What is being asked
An exact retyping of all lines below is the answer; pictures do not belong in it.
[Dataset section]
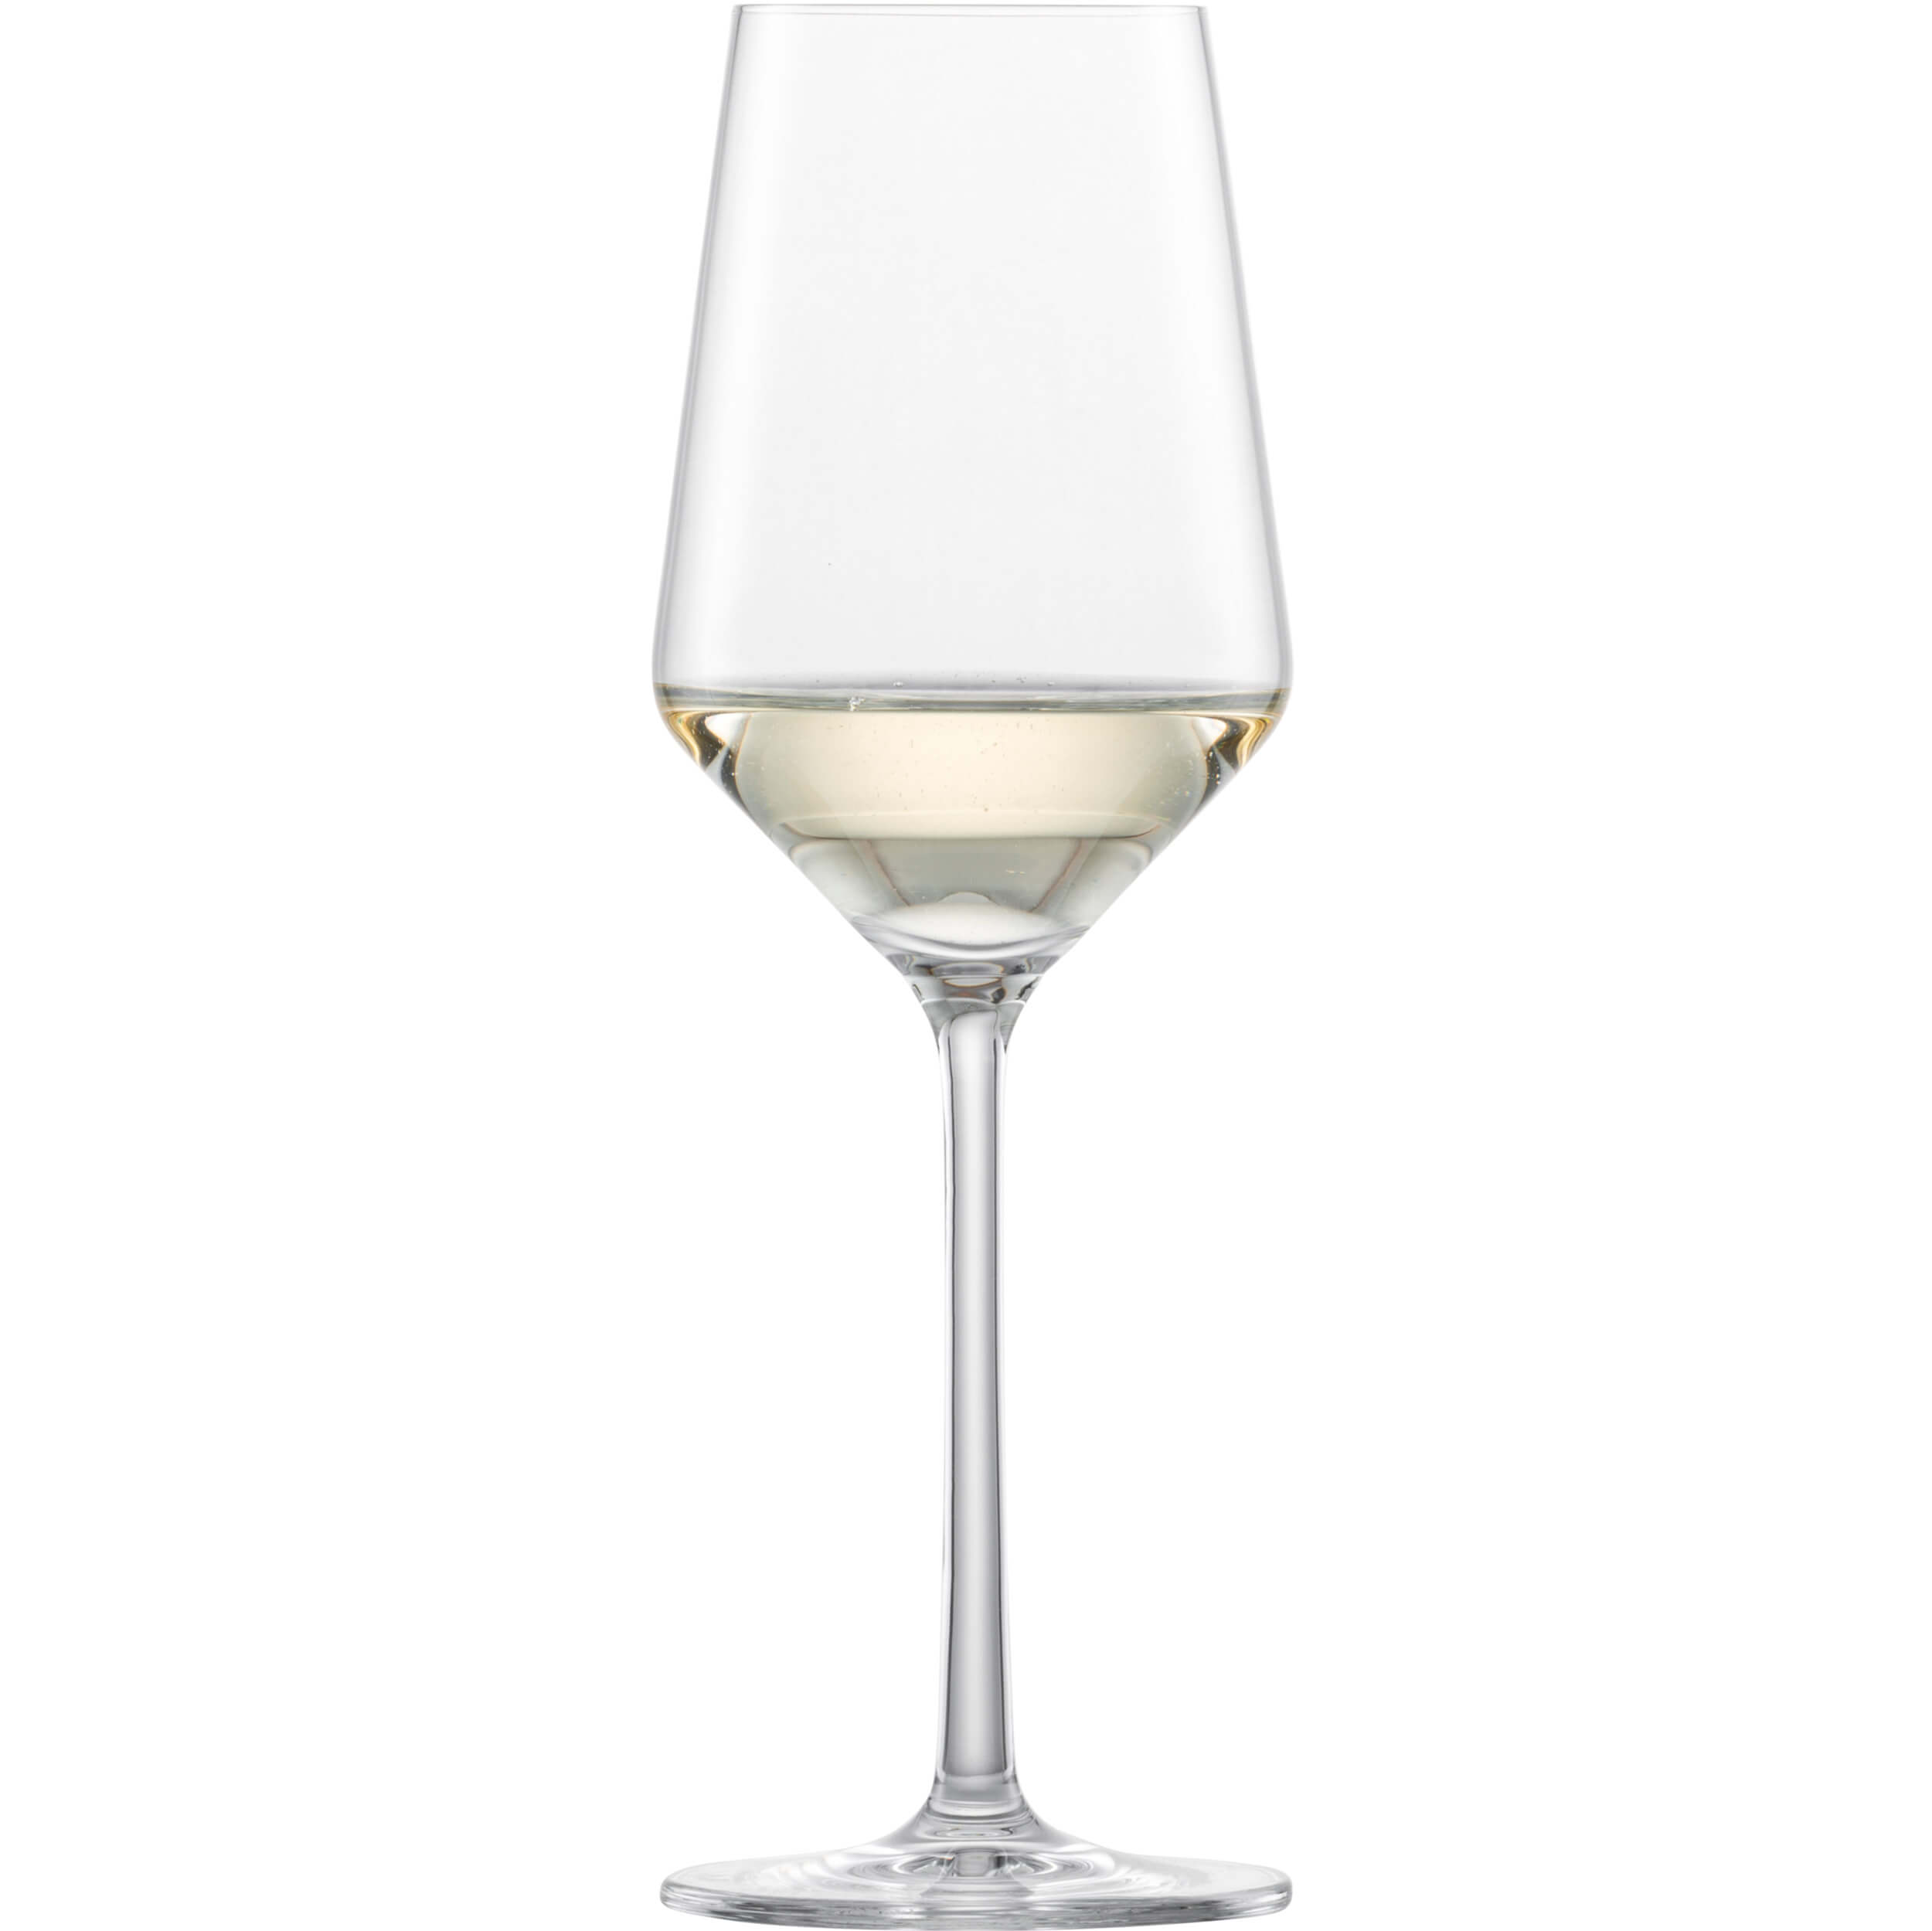 Weißweinglas Riesling Belfesta, Zwiesel Glas - 300ml, 0,1l Eiche (6 Stk.)
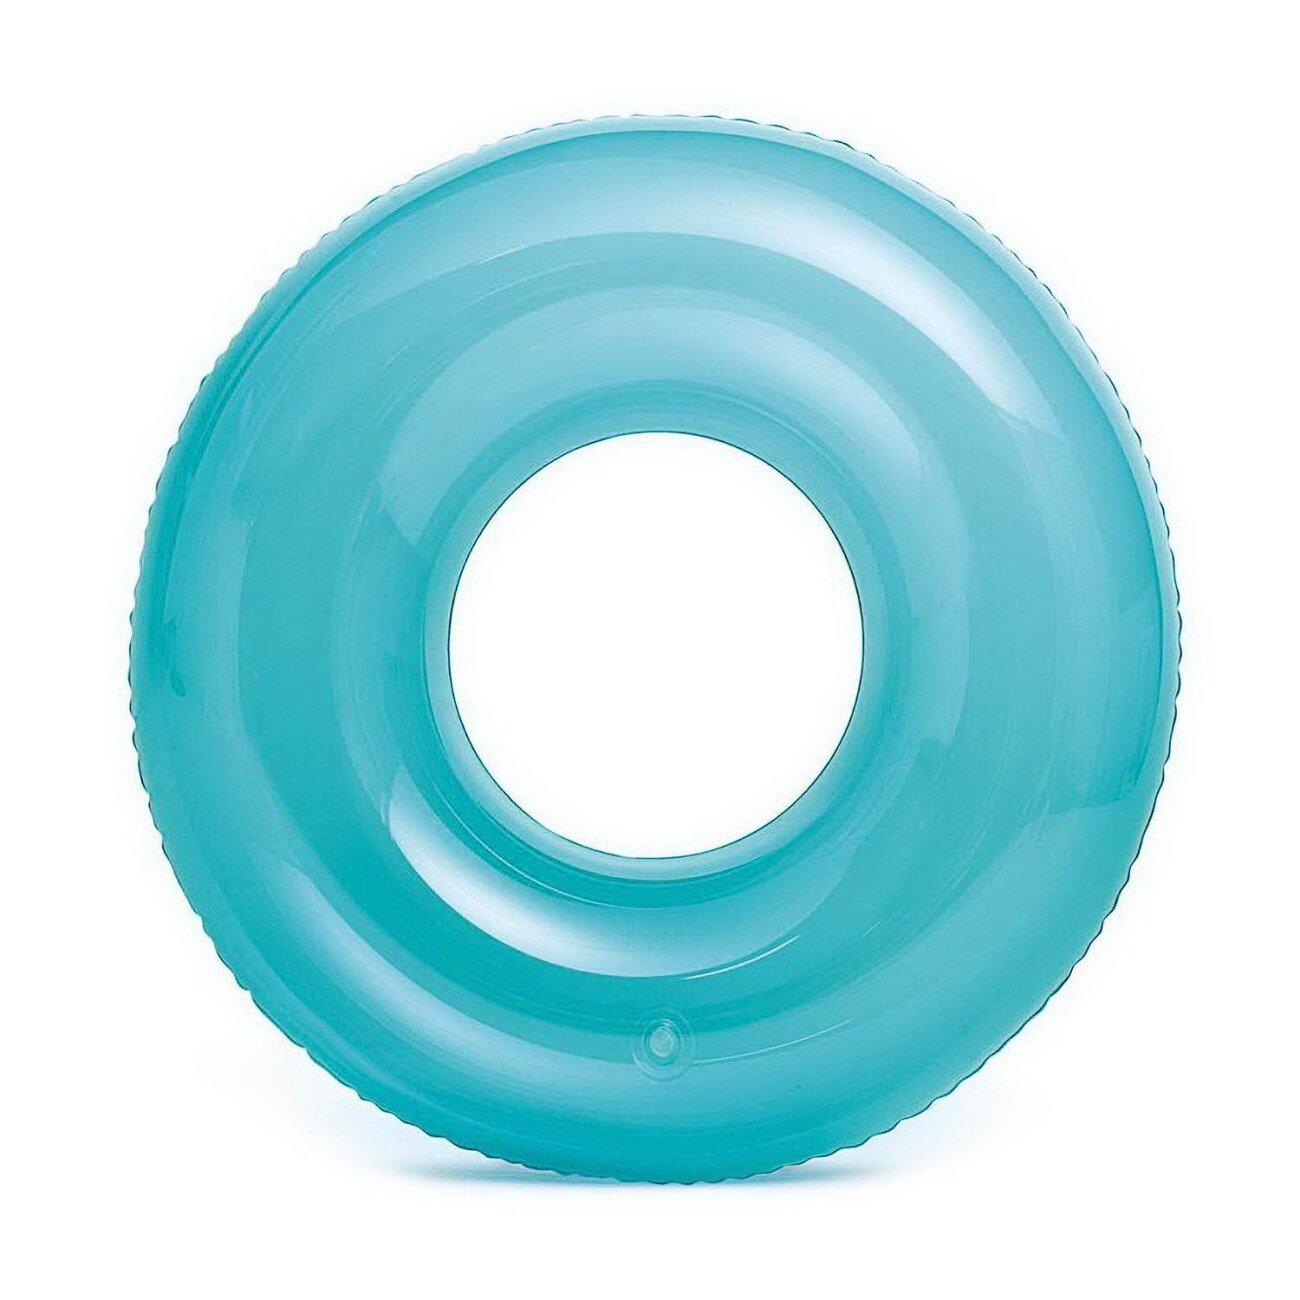 Круг надувной INTEX Transparent Tubes Прозрачный голубой от 8 лет 76 см int59260NP/голубой
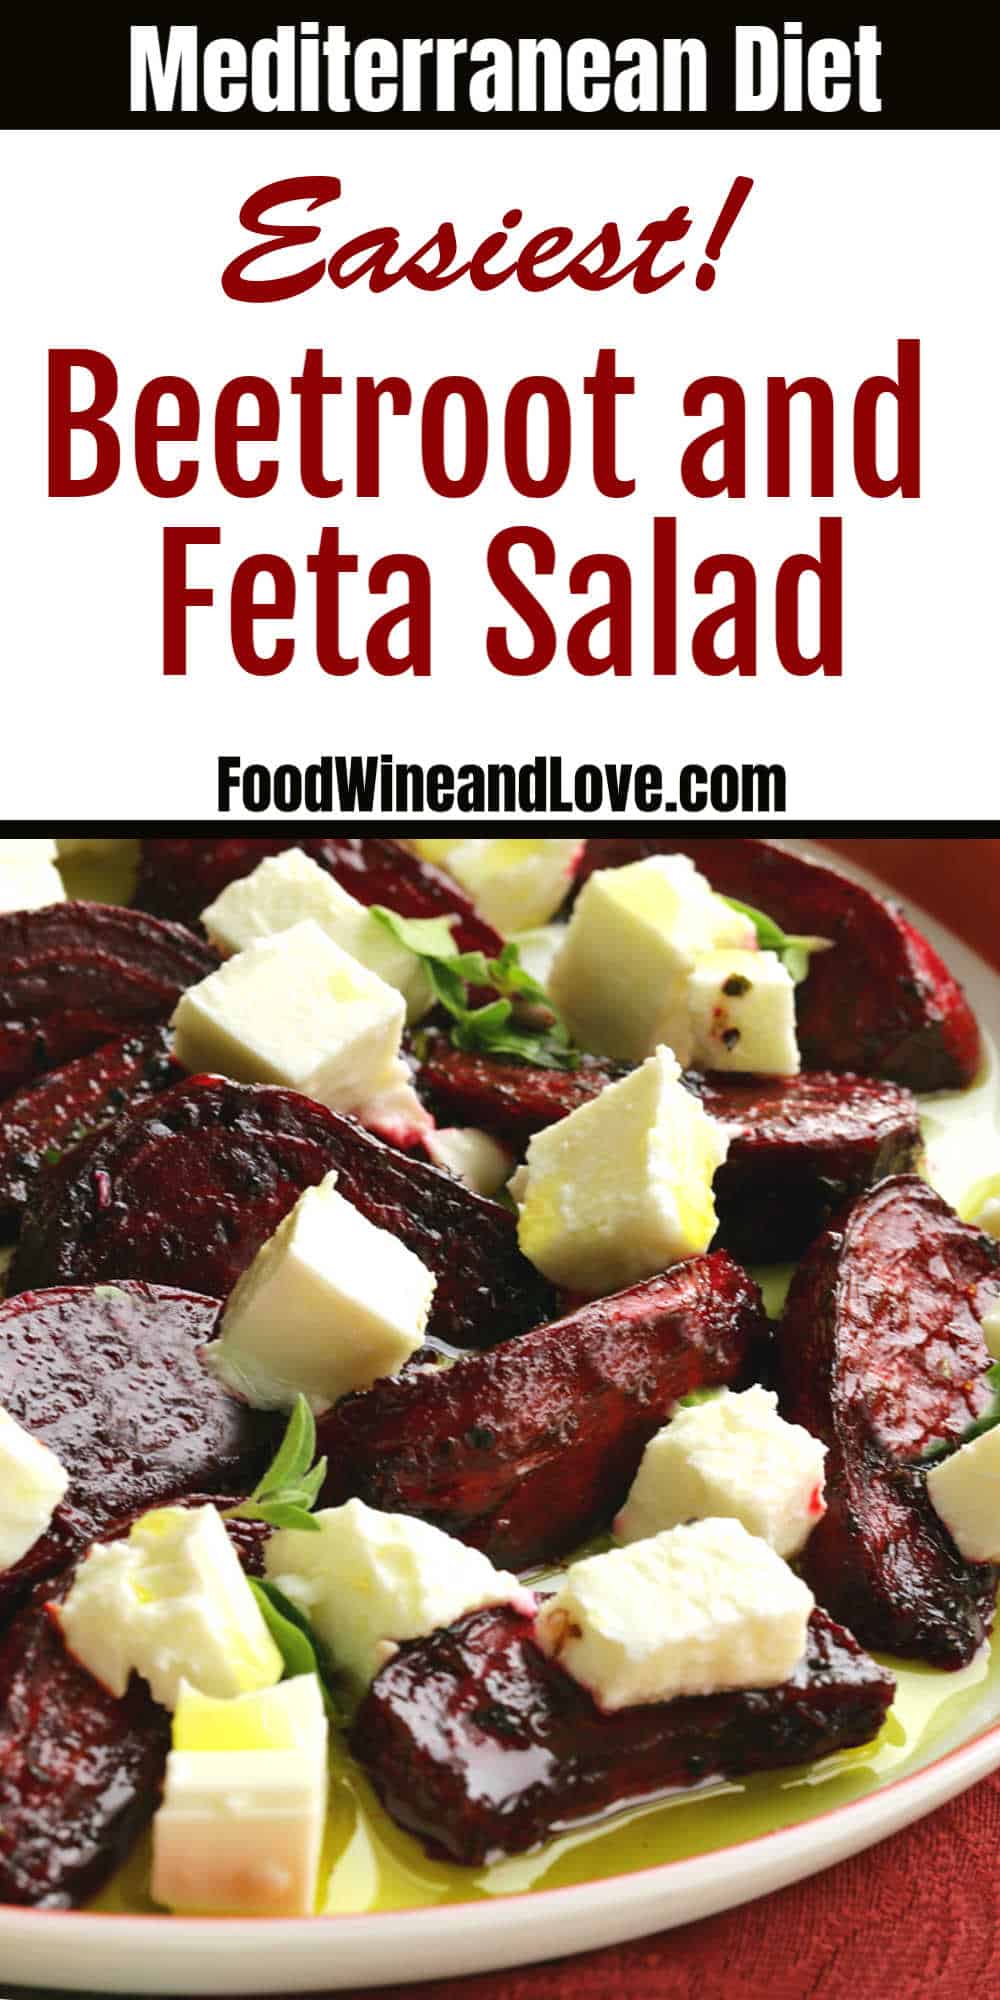 Roasted Beetroot and Feta Salad
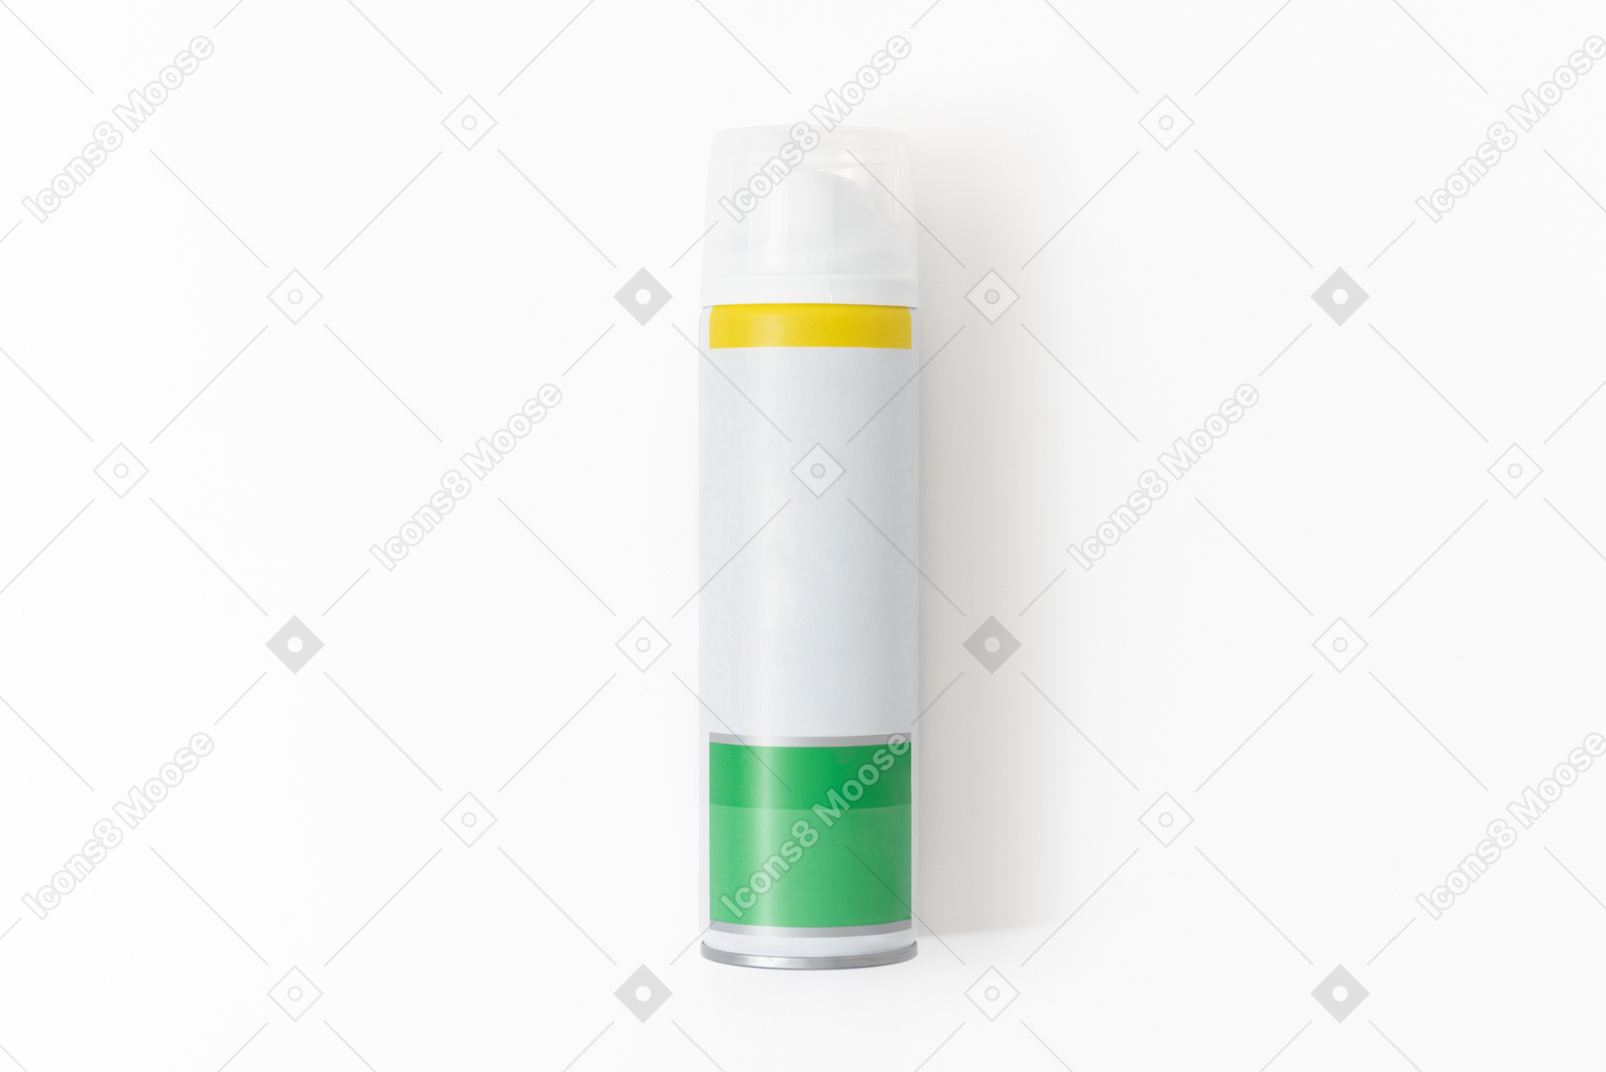 Макет бутылки дезодоранта
[/Dataset section]
Result
 Weißweinglas Riesling Belfesta, Zwiesel Glas - 300ml, 0,1l Eiche (6 Stk.)
 Круг надувной INTEX Transparent Tubes Прозрачный голубой от 8 лет 76 см int59260NP/голубой
 Roasted Beetroot and Feta Salad
 Макет бутылки дезодоранта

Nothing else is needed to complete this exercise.